To figure this out, I compiled a timeline and then edited it down until the only things left were items that either marked a milestone—my first electric, my first amp—or were an improvement over what I’d previously had. No side branches (i.e. “backup” amps, pedals that weren’t as good as ones I already had) or failed experiments (approximately 1.3 bazillion competing versions of amp modeling software designed for my computer, smartphone, iPad and Victrola).

Here is what my own gear milestones look like:

1975: '74 Gibson Les Paul Deluxe
My first electric. Unfortunately, I never got on with it, partly because it sounded too pretty and dull to me played clean. Clearly this was more about my inability to play guitar than any lack on the guitar’s part. But regardless, it just didn’t give me the sound I wanted. It did, however, make me realize I wanted a warm, lively sound. Just not from a Les Paul Deluxe.

1977: '77 Fender Vibro Champ
Although it sounded pretty basic, my first amp was a big improvement over playing that Les Paul through my brother’s stereo.

1978: '77 Electro-Harmonix Big Muff Pi.
Ahhhhh, my first taste of fuzz. Les Paul + overdrive. Now we’re getting somewhere.

1984: '81 Gibson ES-347
The first electric whose sound I really liked. Those full-size humbuckers on a semi-hollow, 335-style body created a richer sound than the mini-humbuckers on my Les Paul Deluxe. Just as importantly, this ES had a coil tap that got me interested in the single-coil, Fender sound.

1984: '81 Fender Princeton Reverb
The first amp I liked. The 10-inch speaker was much deeper sounding than the 8-inch one in the Vibro Champ. It also marked my discovery of reverb. Now it made me wonder what a Fender with a 12-inch speaker and reverb would sound like...

1989: '66 Fender Telecaster
The first Tele I bought was also the first Tele I ever played, my first Fender and my first single-coil guitar.

1991: '66 Fender Deluxe Reverb
The best all-around amp I’d ever played. Still is.

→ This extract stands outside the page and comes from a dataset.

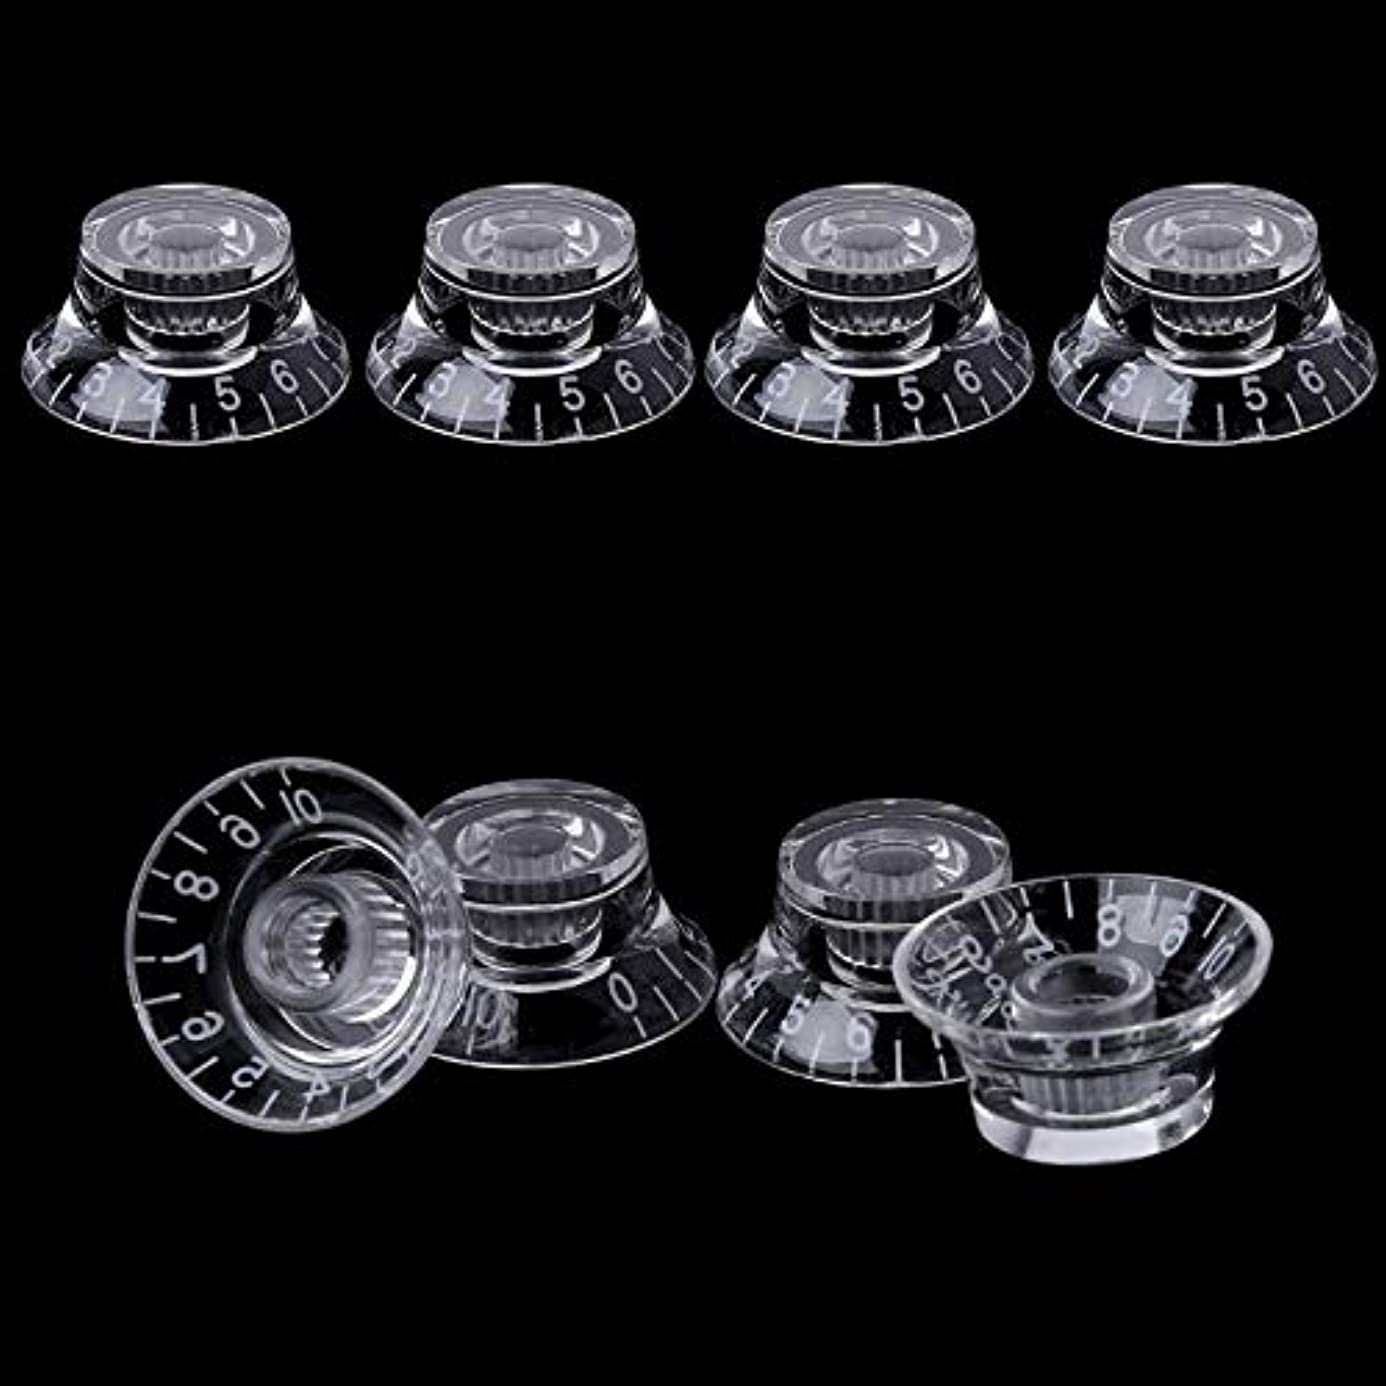 Susie-Smile - 1pc Knob Button Bell Shape Guitar Tone Volume Control For LP Guitar Parts Transparent White
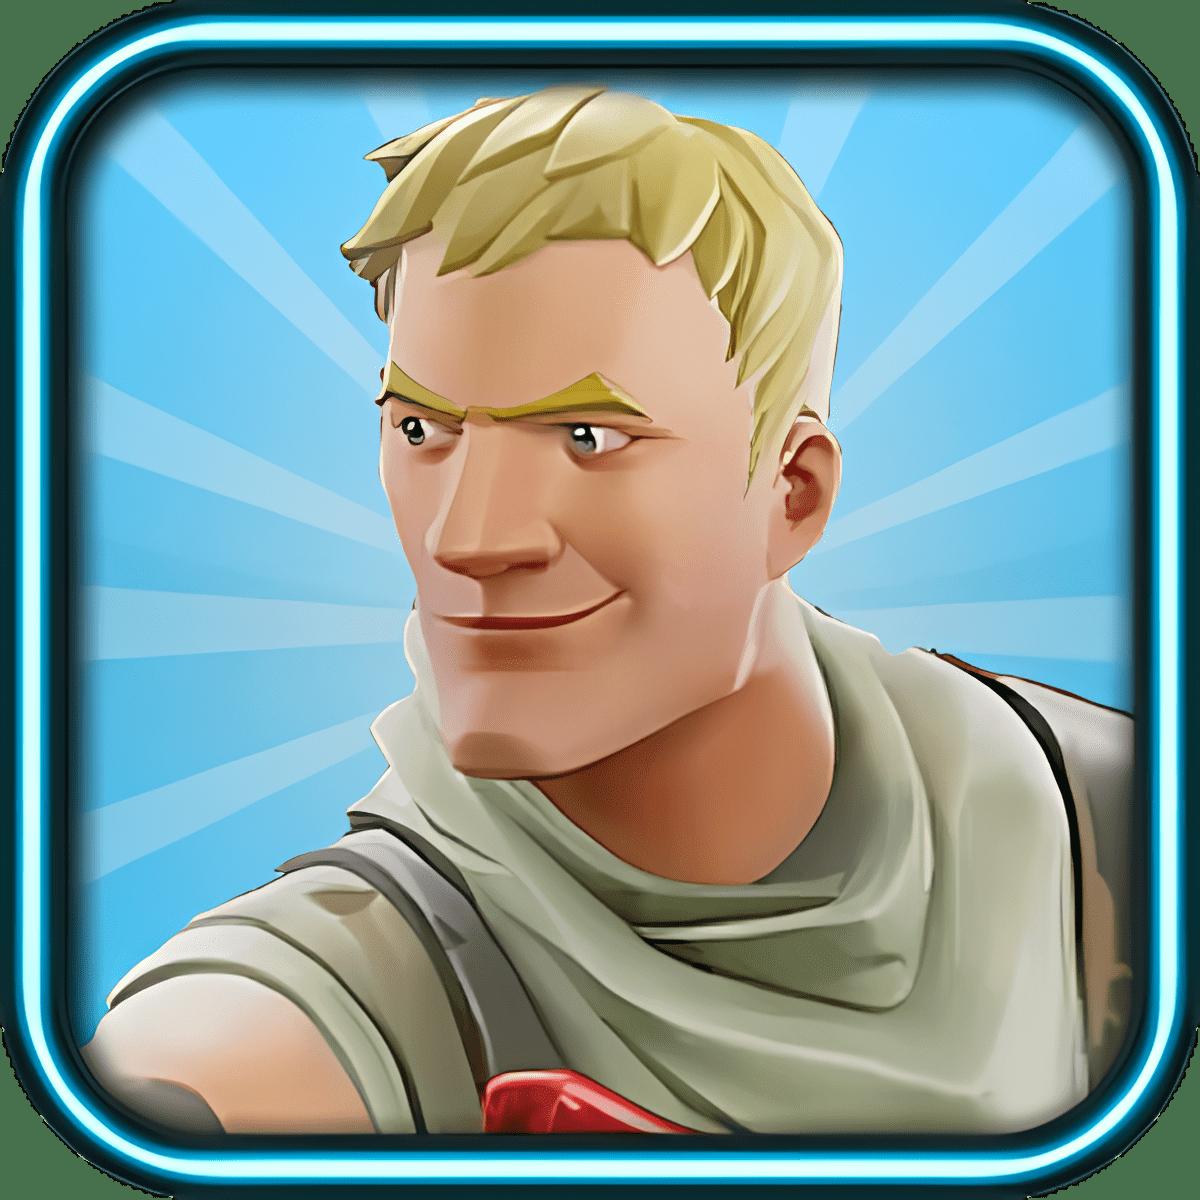 Fortnite Mobile Game Wallpaper

1992: '56 Fender Stratocaster
The first Strat whose sound truly floored me. Unfortunately, it also spoiled me as to what a Strat should sound like.

1998: ‘63 Fender Stratocaster
The classic rosewood variation on the classic Strat theme. I still alternate between this and the '56.

2000: '52 Fender Telecaster
My ultimate Tele. Like a good Telecaster should, it carries through the mix without ever sounding harsh or thin.

2002: Blackstone Appliances MOSFET Overdrive
The right overdrive pedal for me. It made me realize that because I mostly play at home, I needed a pedal that worked with a clean amp, not overdrive an already-pushed amp.

So here is my final core set of equipment, which according to my timeline, hasn’t changed in well over a decade:

‘52 Tele, ‘56 Strat, ‘63 Strat, ‘81 ES-347 → Blackstone Overdrive → ‘66 Deluxe Reverb.

Simple, but it took years to get there. I also found some things about myself that I’d never really clearly considered before, but which became glaringly obvious from developing this list.

For instance, it turns out I like a basic amp with a great clean sound. I pretty much already knew that. But what I hadn’t realized until the timeline is that the depth of tone that I originally thought I wanted from humbuckers turned out to be better achieved for me by pairing single coils with a bigger speaker.

Meanwhile, my choice of gear revealed embarrassingly conservative tastes, with a strong leaning toward only the best-known classics. I think this is equal parts an appreciation for great, time-honored equipment and that owning them checks off all the boxes of my teenage gear aspirations. Either way, it fills my cup of ego to the brim.

So what are your own gear milestones?

Maybe you’ll find you’re headed towards a specific set of gear and that a timeline can help direct your search. Or perhaps you enjoy sampling a bit of everything that’s out there and a list will show what you’ve overlooked so far. Either way, defining your own milestones can provide insight into where you’ve been and where you’re headed as a guitar player.

No matter which way you go with it, it’ll be an interesting trip.